Problem statement :: For the listing below, work out how many lines hold the word "Water" and give that number by itself.

━━━ Record extracts

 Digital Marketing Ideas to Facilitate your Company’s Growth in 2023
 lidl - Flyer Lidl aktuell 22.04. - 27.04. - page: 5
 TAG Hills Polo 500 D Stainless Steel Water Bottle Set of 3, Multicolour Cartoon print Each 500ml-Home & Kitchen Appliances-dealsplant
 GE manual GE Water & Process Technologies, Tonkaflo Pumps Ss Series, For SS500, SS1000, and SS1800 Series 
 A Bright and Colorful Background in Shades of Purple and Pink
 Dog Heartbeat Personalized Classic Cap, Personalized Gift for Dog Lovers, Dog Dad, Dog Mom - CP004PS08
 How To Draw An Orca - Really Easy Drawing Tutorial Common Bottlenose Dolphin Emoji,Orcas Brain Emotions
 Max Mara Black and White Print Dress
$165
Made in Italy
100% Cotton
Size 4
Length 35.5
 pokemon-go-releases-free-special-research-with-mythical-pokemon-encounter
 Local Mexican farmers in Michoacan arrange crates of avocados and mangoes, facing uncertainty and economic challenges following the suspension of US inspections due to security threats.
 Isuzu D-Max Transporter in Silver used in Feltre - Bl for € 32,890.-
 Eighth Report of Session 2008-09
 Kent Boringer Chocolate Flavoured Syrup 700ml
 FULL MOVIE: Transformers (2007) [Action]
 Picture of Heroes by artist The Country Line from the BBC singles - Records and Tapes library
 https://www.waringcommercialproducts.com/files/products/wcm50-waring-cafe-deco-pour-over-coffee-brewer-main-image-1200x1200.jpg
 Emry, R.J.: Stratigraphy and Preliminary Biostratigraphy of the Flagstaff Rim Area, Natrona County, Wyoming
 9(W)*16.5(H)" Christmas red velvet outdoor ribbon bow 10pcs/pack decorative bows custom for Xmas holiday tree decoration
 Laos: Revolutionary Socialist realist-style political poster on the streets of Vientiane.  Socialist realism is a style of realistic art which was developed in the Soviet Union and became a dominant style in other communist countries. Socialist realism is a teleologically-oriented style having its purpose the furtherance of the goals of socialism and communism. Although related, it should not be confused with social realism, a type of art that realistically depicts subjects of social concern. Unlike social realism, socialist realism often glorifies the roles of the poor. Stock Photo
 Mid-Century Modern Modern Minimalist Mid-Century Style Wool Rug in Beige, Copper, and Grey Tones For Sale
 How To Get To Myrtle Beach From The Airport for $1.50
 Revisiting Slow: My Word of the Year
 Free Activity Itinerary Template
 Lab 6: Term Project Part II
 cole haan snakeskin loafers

━━━━━━

Response to the task :: 2